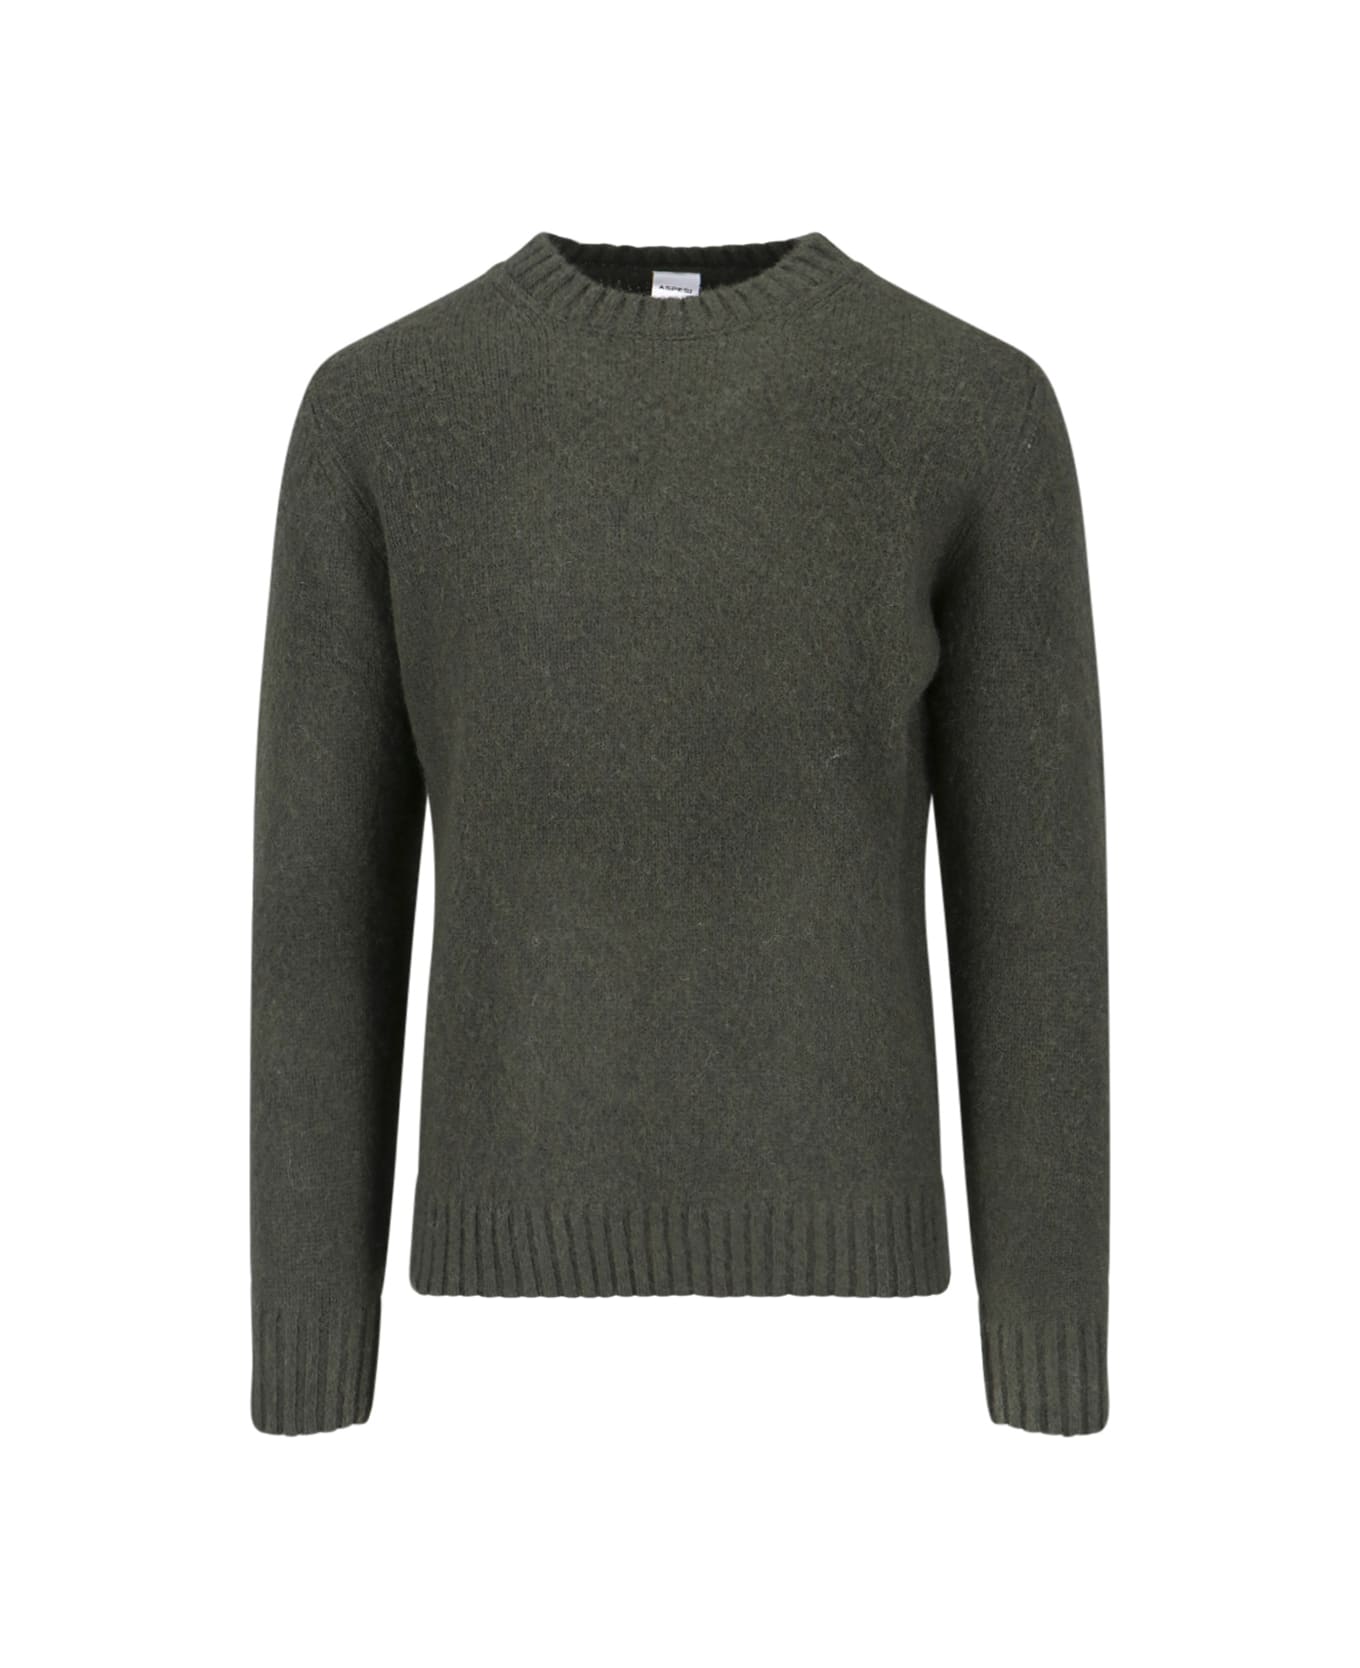 Aspesi 'm183' Sweater - MILITARY GREEN ニットウェア
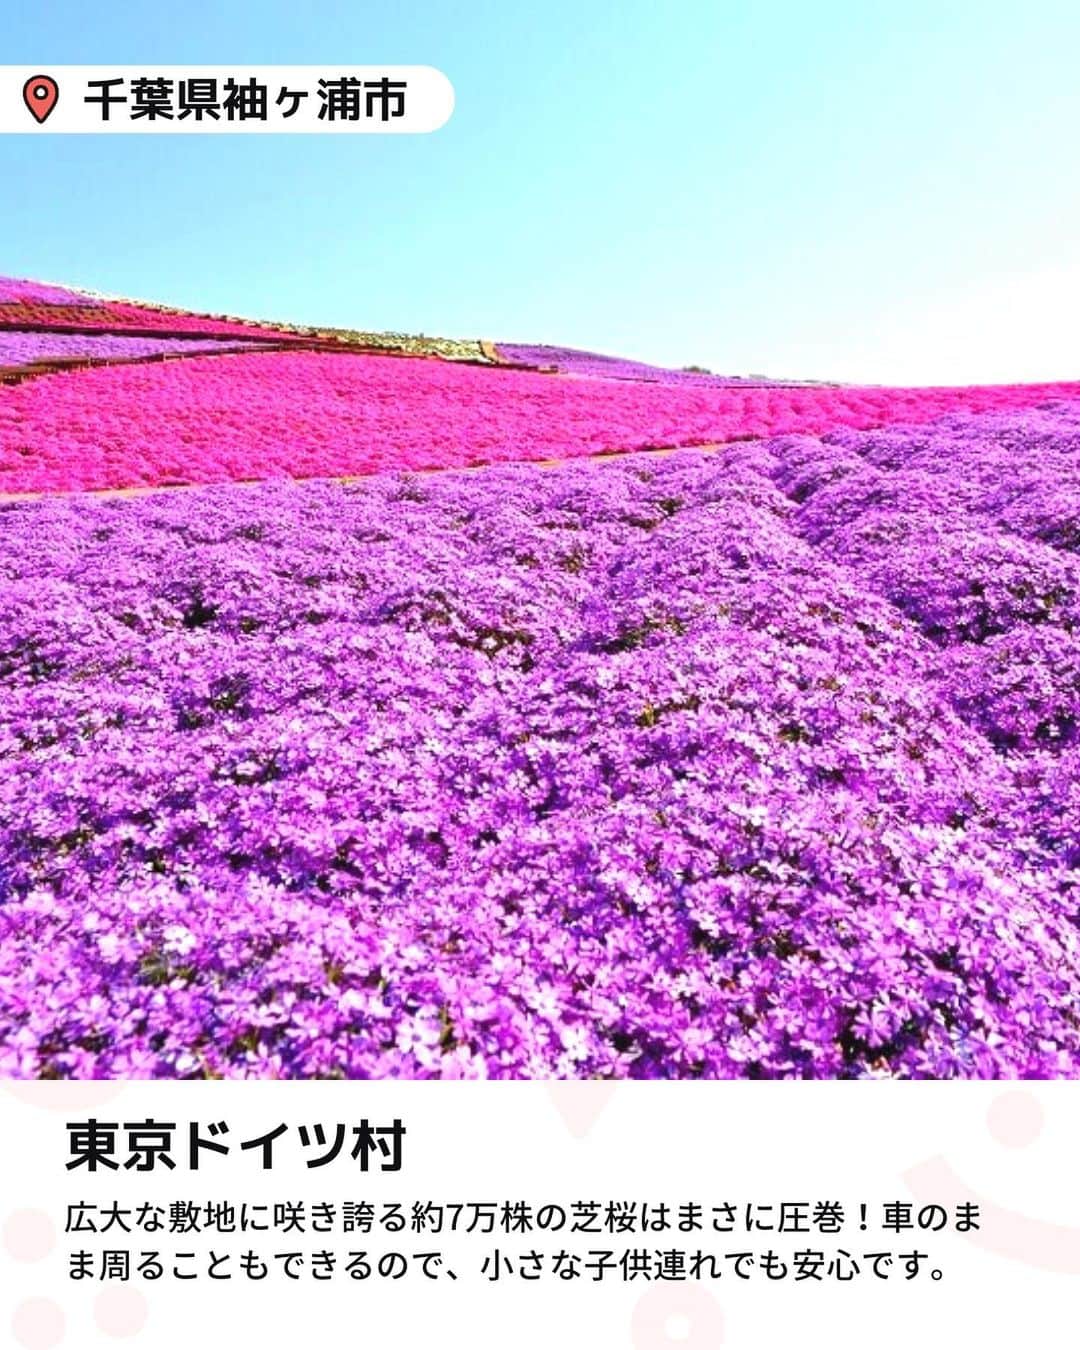 iko-yo（いこーよオフィシャル）さんのインスタグラム写真 - (iko-yo（いこーよオフィシャル）Instagram)「今回ピックアップしたのは「関東 おすすめ大規模芝桜スポット6選」 ーーーーーーーーーーーーーーーーーー  📍千葉県袖ケ浦市 【東京ドイツ村】 「東京ドイツ村」の芝桜は、関東最大級の面積を誇ります。5万平方メートルという広大な敷地に咲き誇る約7万株の芝桜はまさに圧巻！　 広大な園内を歩いて観賞するほか、車に乗ったまま周ることもできるので、小さな子供連れでも安心です。さらに、アスレチックや動物園など多彩な施設もあり、1日中遊ぶことができますよ。  📍千葉県千葉市 【富田さとにわ耕園】 12万株の芝桜をはじめ、澄んだブルーが美しいネモフィラや、爽やかなオレンジ色のポピーなど、春の花々が5月頃まで楽しめます。色とりどりの花々が咲き誇る花畑はSNS映え間違いなし！　入園無料なのもうれしいポイントです。  📍埼玉県秩父市 【羊山公園　芝桜の丘】 4月上旬から5月上旬の期間に、40万株以上の芝桜が楽しめます。9種類の芝桜が美しいデザインで植裁された花畑は写真映え抜群！また、「羊山公園」の名前の由来になったといわれる「羊とのふれあい牧場」やアスレチック設備が充実した「わんぱく広場」もあり、子供も思い切り楽しめます。  📍 栃木県芳賀郡市貝町 【市貝町芝ざくら公園】 八溝の山々の緑に囲まれ、隣に芳那の水晶湖を持つ自然豊かなロケーションが魅力の公園。2.4ヘクタールの広大な敷地を誇り、約25万本の芝桜の風景が一望できます。  📍群馬県高崎市 【みさと芝桜公園】 2.9ヘクタールの敷地内に約26万株の芝桜が咲き誇ります。芝桜の丘の中心には、七夕伝説の織姫が置き忘れた桃色の羽衣をイメージした赤、白、ピンクの芝桜を帯状にデザイン。幻想的な風景は家族の記念写真スポットとしてもぴったりです！  📍群馬県太田市 【八王子山公園（北部運動公園）】 入園無料！毎年春に、桜や芝桜、ネモフィラ、ツツジなどが咲き誇る花の名所として知られる公園です。4月下旬頃には、30万株におよぶ芝桜の絨毯が見渡す限り広がります。  ※2023年4月17日時点の情報です。 最新の情報は公式HPや「いこーよ」サイトでご確認ください。 ーーーーーーーーーーーーーーーーーーー おでかけ情報量は日本最大級！ 子どもとお出かけ情報サイト「いこーよ」 「親子でおでかけしたい場所」をご紹介させていただいています！  お子さんとのおでかけの思い出の写真を、このアカウントをフォローの上#いこーよ をつけてぜひ投稿してください。魅力的な写真は、いこーよ公式SNSで紹介させていただきます！  募集中タグ＃いこーよ  「子どもと行きたい！」と思ったら保存が便利！ プロフィールのURLから「いこーよ」のサイトに行くと、他の投稿やオトクな情報などが載っています♪ ☞ @ikoyo_odekake  #いこーよ #お出かけ #おでかけ #お出かけスポット #子連れ #こどものいる暮らし #子連れスポット #いこーよお出かけ部 #千葉ママ #千葉観光 #千葉旅行 #埼玉ママ #埼玉旅行 #埼玉観光 #群馬ママ #群馬旅行 #群馬観光 #栃木ママ #栃木旅行 #栃木観光 #東京ドイツ村 #富田さとにわ耕園 #羊山公園 #芝桜の丘 #市貝町芝ざくら公園 #みさと芝桜公園 #八王子山公園 #芝桜 #芝ざくら」4月18日 22時49分 - ikoyo_odekake
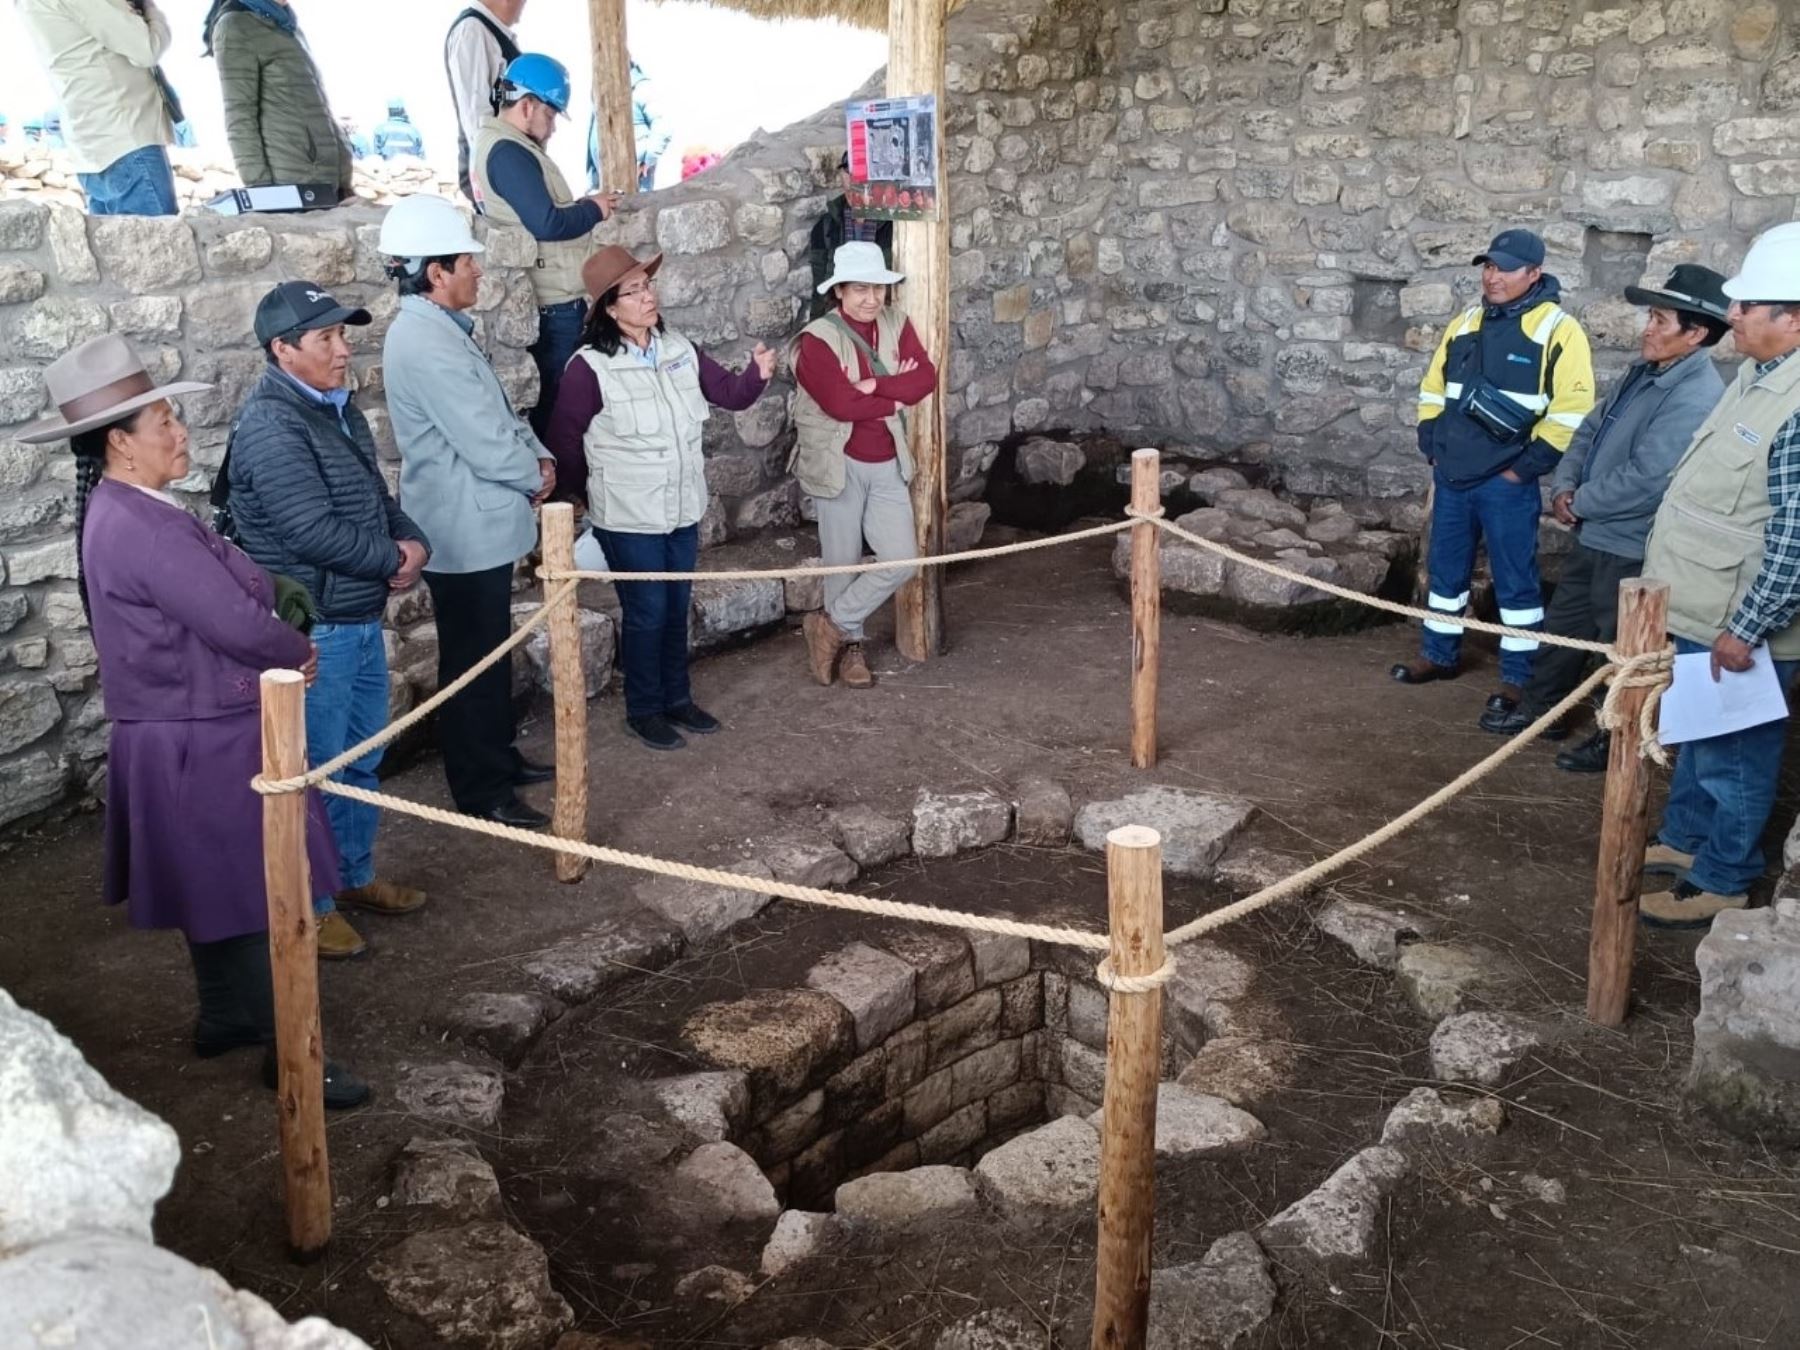 Un importante hallazgo arqueológico se anunció en Cusco. Se descubrieron vestigios de origen inca y preínca en el parque arqueológico K

## Exercise aim
The copy must reproduce the listing above verbatim and contain no pictures.

## Output below
 Aspesi 'm183' Sweater - MILITARY GREEN ニットウェア
 iko-yo（いこーよオフィシャル）さんのインスタグラム写真 - (iko-yo（いこーよオフィシャル）Instagram)「今回ピックアップしたのは「関東 おすすめ大規模芝桜スポット6選」 ーーーーーーーーーーーーーーーーーー  📍千葉県袖ケ浦市 【東京ドイツ村】 「東京ドイツ村」の芝桜は、関東最大級の面積を誇ります。5万平方メートルという広大な敷地に咲き誇る約7万株の芝桜はまさに圧巻！　 広大な園内を歩いて観賞するほか、車に乗ったまま周ることもできるので、小さな子供連れでも安心です。さらに、アスレチックや動物園など多彩な施設もあり、1日中遊ぶことができますよ。  📍千葉県千葉市 【富田さとにわ耕園】 12万株の芝桜をはじめ、澄んだブルーが美しいネモフィラや、爽やかなオレンジ色のポピーなど、春の花々が5月頃まで楽しめます。色とりどりの花々が咲き誇る花畑はSNS映え間違いなし！　入園無料なのもうれしいポイントです。  📍埼玉県秩父市 【羊山公園　芝桜の丘】 4月上旬から5月上旬の期間に、40万株以上の芝桜が楽しめます。9種類の芝桜が美しいデザインで植裁された花畑は写真映え抜群！また、「羊山公園」の名前の由来になったといわれる「羊とのふれあい牧場」やアスレチック設備が充実した「わんぱく広場」もあり、子供も思い切り楽しめます。  📍 栃木県芳賀郡市貝町 【市貝町芝ざくら公園】 八溝の山々の緑に囲まれ、隣に芳那の水晶湖を持つ自然豊かなロケーションが魅力の公園。2.4ヘクタールの広大な敷地を誇り、約25万本の芝桜の風景が一望できます。  📍群馬県高崎市 【みさと芝桜公園】 2.9ヘクタールの敷地内に約26万株の芝桜が咲き誇ります。芝桜の丘の中心には、七夕伝説の織姫が置き忘れた桃色の羽衣をイメージした赤、白、ピンクの芝桜を帯状にデザイン。幻想的な風景は家族の記念写真スポットとしてもぴったりです！  📍群馬県太田市 【八王子山公園（北部運動公園）】 入園無料！毎年春に、桜や芝桜、ネモフィラ、ツツジなどが咲き誇る花の名所として知られる公園です。4月下旬頃には、30万株におよぶ芝桜の絨毯が見渡す限り広がります。  ※2023年4月17日時点の情報です。 最新の情報は公式HPや「いこーよ」サイトでご確認ください。 ーーーーーーーーーーーーーーーーーーー おでかけ情報量は日本最大級！ 子どもとお出かけ情報サイト「いこーよ」 「親子でおでかけしたい場所」をご紹介させていただいています！  お子さんとのおでかけの思い出の写真を、このアカウントをフォローの上#いこーよ をつけてぜひ投稿してください。魅力的な写真は、いこーよ公式SNSで紹介させていただきます！  募集中タグ＃いこーよ  「子どもと行きたい！」と思ったら保存が便利！ プロフィールのURLから「いこーよ」のサイトに行くと、他の投稿やオトクな情報などが載っています♪ ☞ @ikoyo_odekake  #いこーよ #お出かけ #おでかけ #お出かけスポット #子連れ #こどものいる暮らし #子連れスポット #いこーよお出かけ部 #千葉ママ #千葉観光 #千葉旅行 #埼玉ママ #埼玉旅行 #埼玉観光 #群馬ママ #群馬旅行 #群馬観光 #栃木ママ #栃木旅行 #栃木観光 #東京ドイツ村 #富田さとにわ耕園 #羊山公園 #芝桜の丘 #市貝町芝ざくら公園 #みさと芝桜公園 #八王子山公園 #芝桜 #芝ざくら」4月18日 22時49分 - ikoyo_odekake
 Un importante hallazgo arqueológico se anunció en Cusco. Se descubrieron vestigios de origen inca y preínca en el parque arqueológico K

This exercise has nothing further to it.